### ASSIGNMENT
Determine the number of lines of the records below that include "inches". Respond with the number and no other text.

### INFORMATION GIVEN

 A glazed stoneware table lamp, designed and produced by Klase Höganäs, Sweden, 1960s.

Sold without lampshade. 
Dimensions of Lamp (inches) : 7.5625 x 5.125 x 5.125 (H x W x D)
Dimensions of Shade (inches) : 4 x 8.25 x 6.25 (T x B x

--

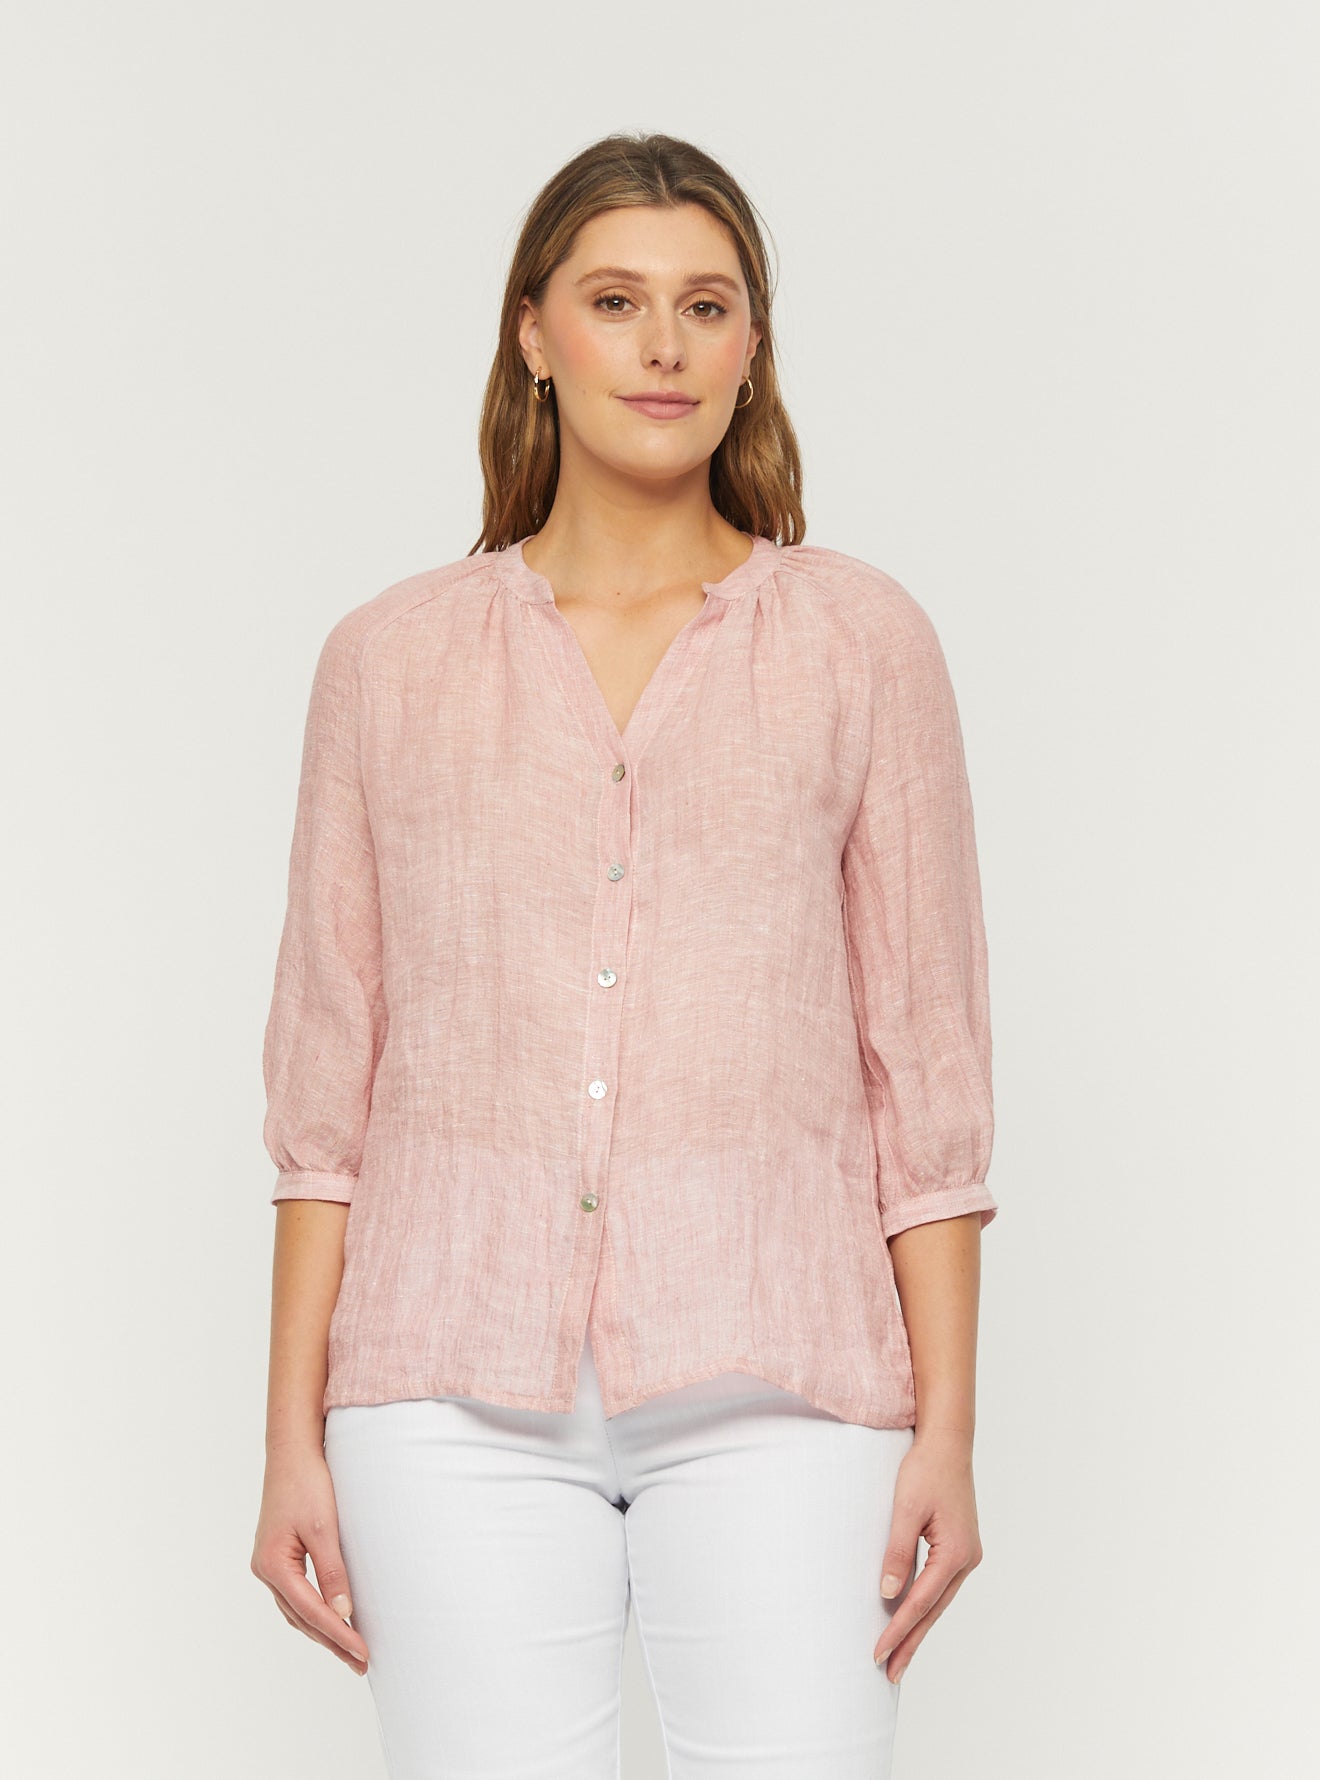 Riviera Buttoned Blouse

* * *

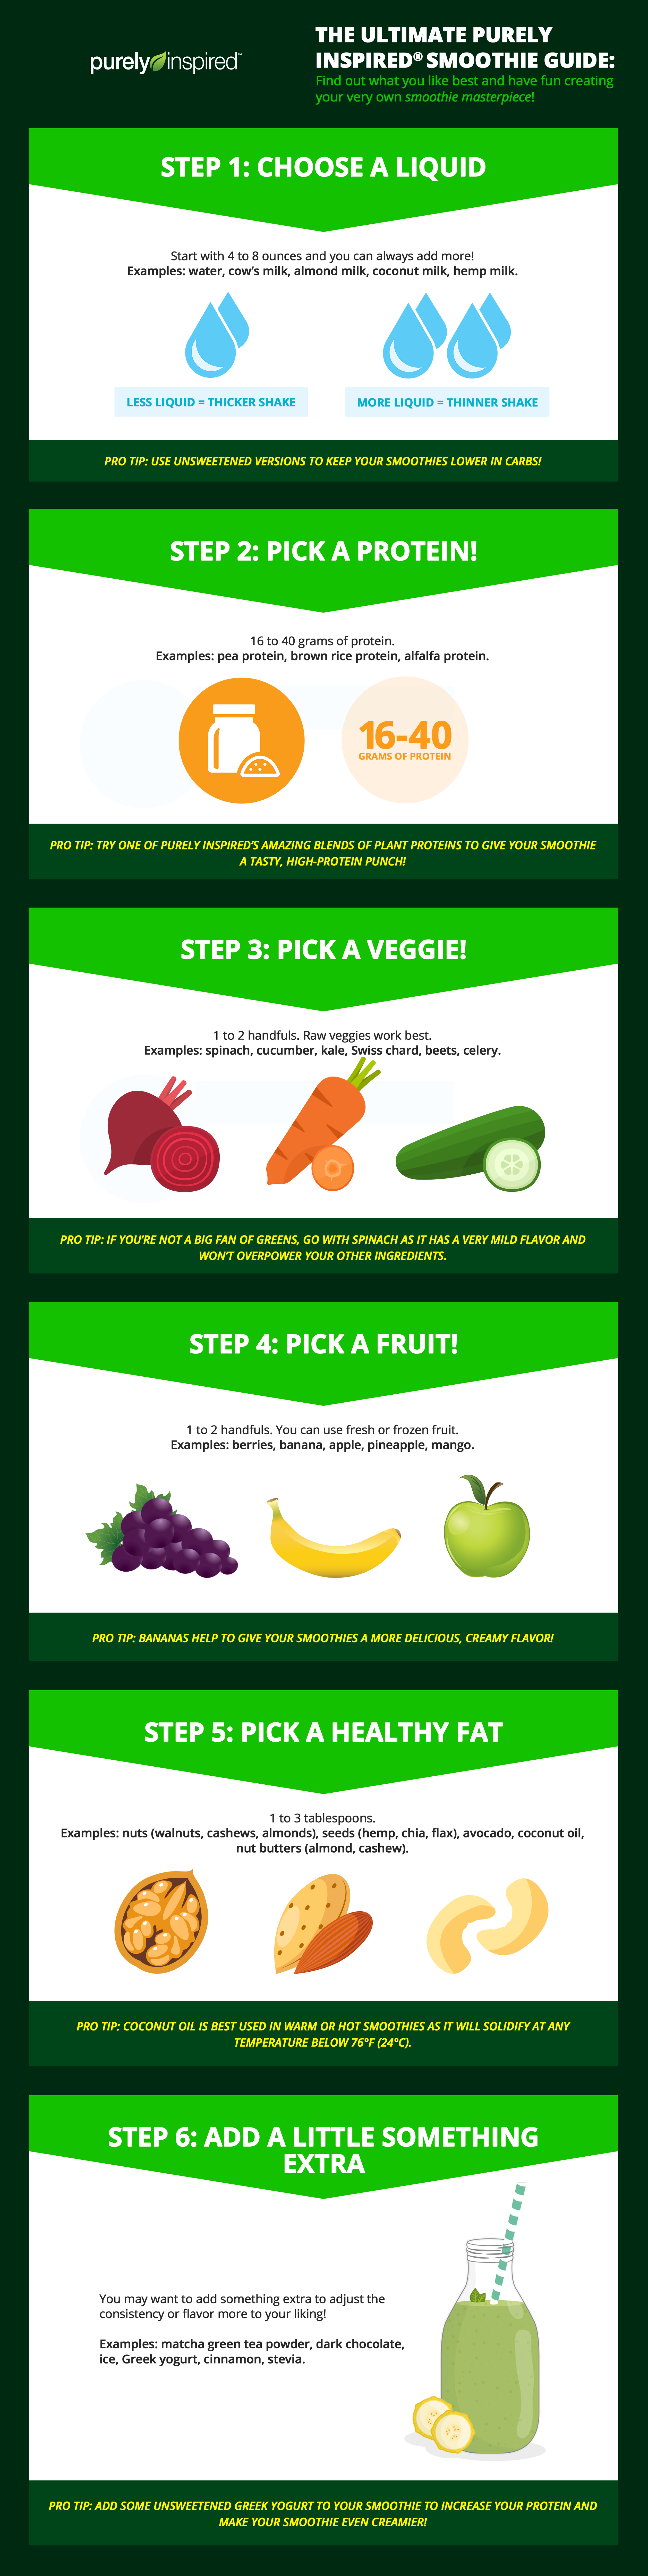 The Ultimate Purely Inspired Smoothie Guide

### RESPONSE AREA
2